Dans son premier moyen métrage, le maître iranien pose déjà sa griffe, entre émotion pure et burlesque.
Un préado travaille comme larbin dans une boutique de photographe de Téhéran, méprisé et maltraité par son patron et ses collègues adultes. Il tombe amoureux d’une jeune fille de la bonne société et se met à espérer qu’il pourrait un jour travailler comme domestique dans sa famille. Tourné un an avant Le Passager, le premier long métrage de Kiarostami, Expérience, comme tous les premiers films du cinéaste iranien, qui dirigeait alors l’Institut pour le développement intellectuel des enfants et jeunes adultes (Kanoon), a pour personnage principal un enfant, ici relativement grand. Sorte de 400 Coups à la mode persane, le film est un peu le chaînon manquant entre les courts La Récréation et le très beau Le Pain et la Rue – que l’on pourra ici voir ou revoir puisqu’ils accompagnent Expérience –, qui souffrent encore parfois d’effets visuels inutilement spectaculaires (quelques contre-plongées ou un plan tourné à travers une vitre brisée) et les premiers longs, extrêmement maîtrisés.

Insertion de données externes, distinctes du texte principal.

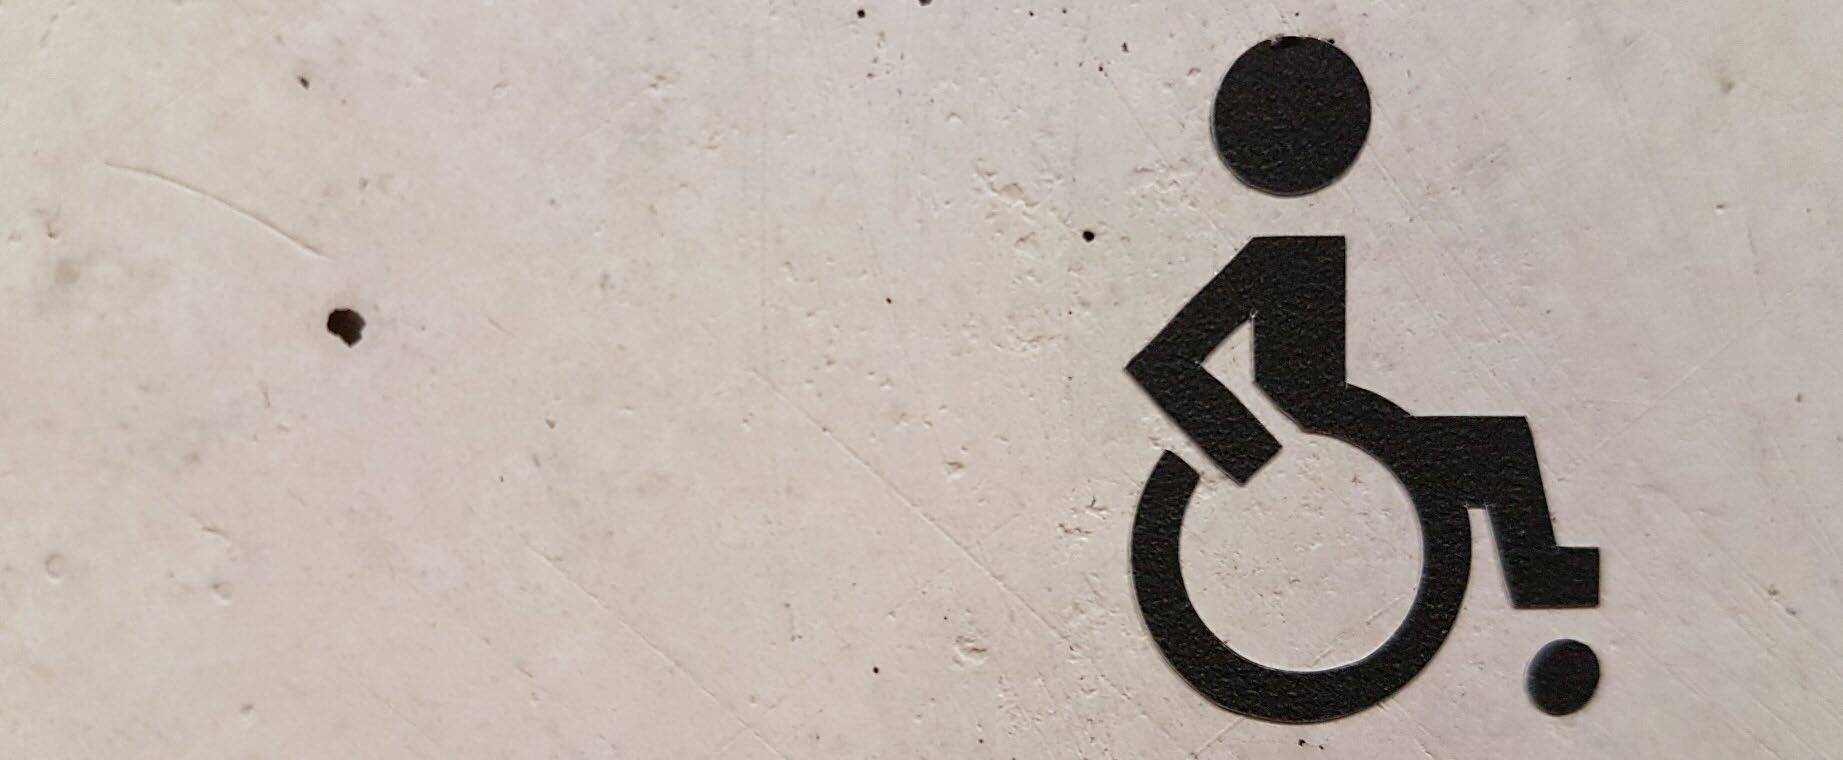 Ein auf dem Boden aufgemaltes Rollstuhlfahrer-Logo.
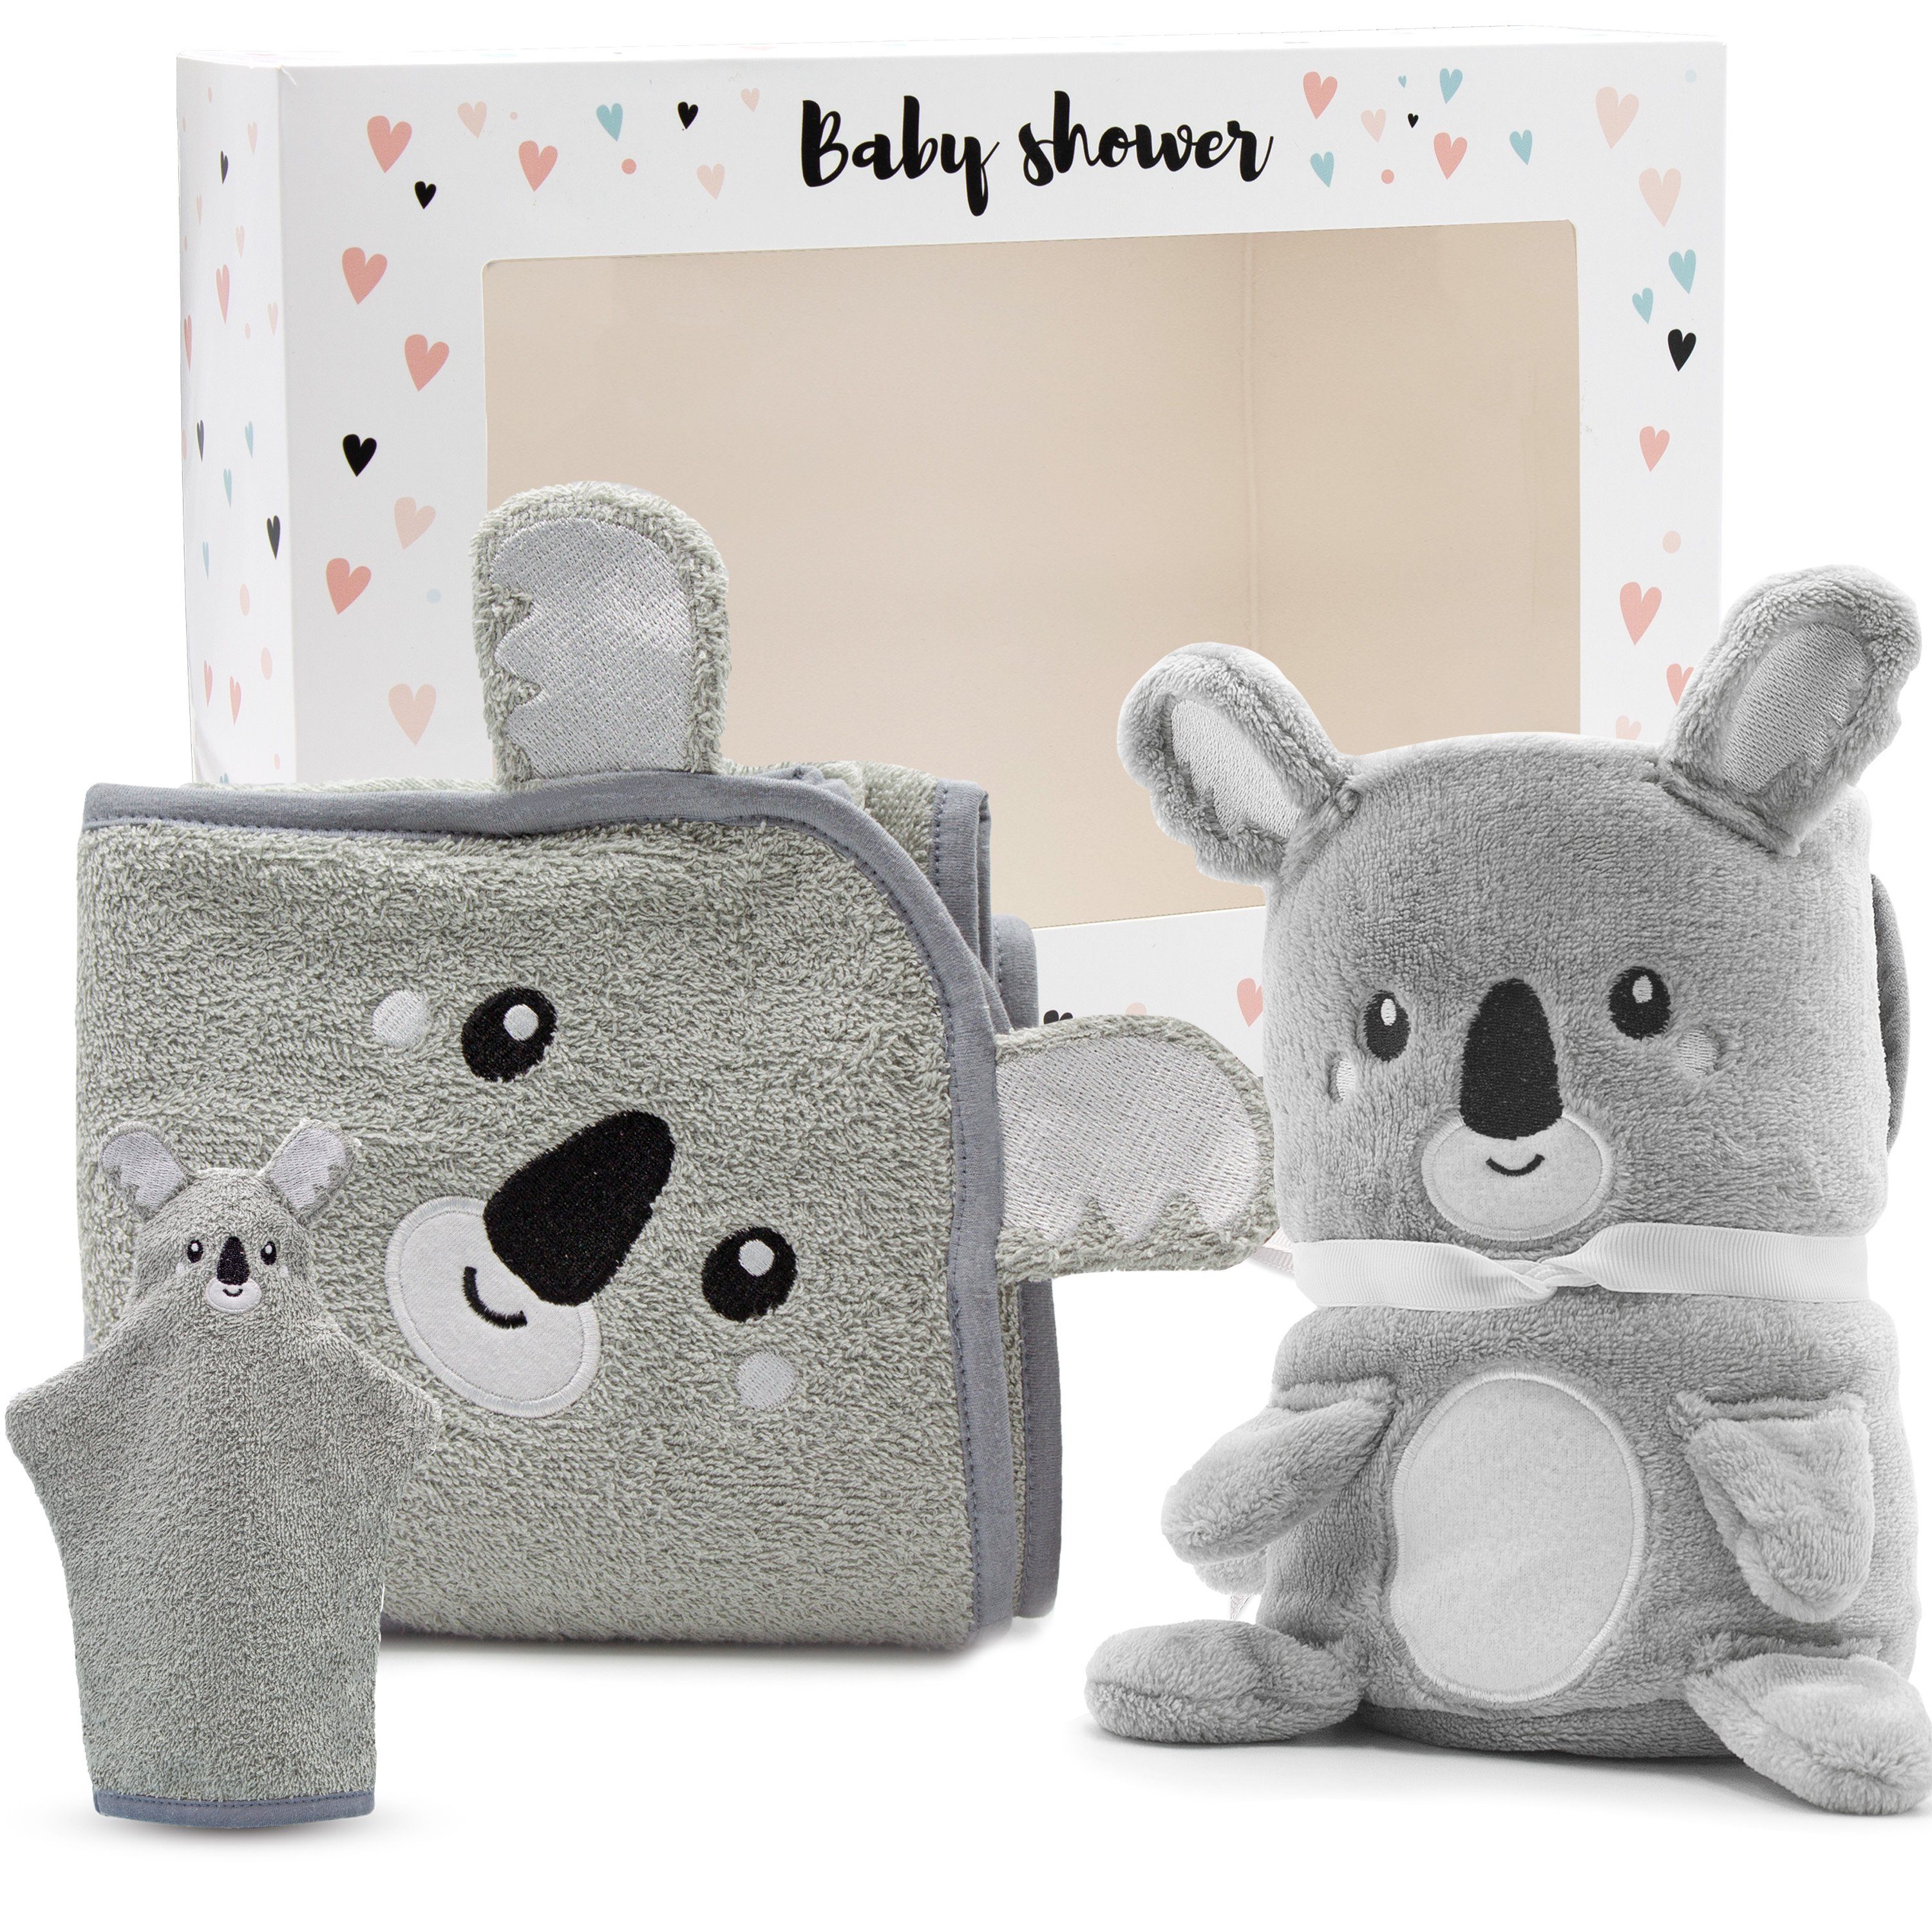 Neugeborenen-Geschenkset 3-tlg) (mit Koala Baby Babydecke + Kapuzenhandtuch + Babykajo Karton, Waschlappen

Ce qui passe ici dans les plans très composés de ce moyen métrage en noir et blanc, ce sont les bruits et l’énergie débordante de la ville, sa vitalité, son anarchie. Le cinéaste, par essence réaliste, use de tous les moyens que lui propose le cinéma : un travail énorme sur le son et la musique, et des tailles de plan qui varient énormément (en musique, on parlerait d’une tessiture étendue) – des gros plans à ces plans très éloignés, qui deviendront par la suite, souvent imités par d’autres, l’un des effets de signature de son cinéma. C’est dans cette distance parfois énorme prise avec les rebondissements du récit que réside l’un des principaux plaisirs qu’offre le film : son burlesque, un humour très pince-sans-rire qui anime sûrement encore les œuvres les plusrécentes de Kiarostami pour le cinéma (ou plutôt la DV, comme Five), mais de façon plus discrète. Le gros plan, par exemple, où l’enfant balaie le sol tout autour des pieds de son affreux et méchant patron, est digne de Tati, rien moins. Quant à l’émotion, elle naît des allers-retours multiples entre le comique et le tragique, entre la révolte et l’humiliation que vit le héros, et surtout de son obstination sereine à aller jusqu’au bout de ses rêves, de son espoir infini dans l’avenir. “They abide and they endure”, répétait Lillian Gish, dans La Nuit du chasseur, en parlant des enfants, citant la Bible : ils s’adaptent et ils survivent.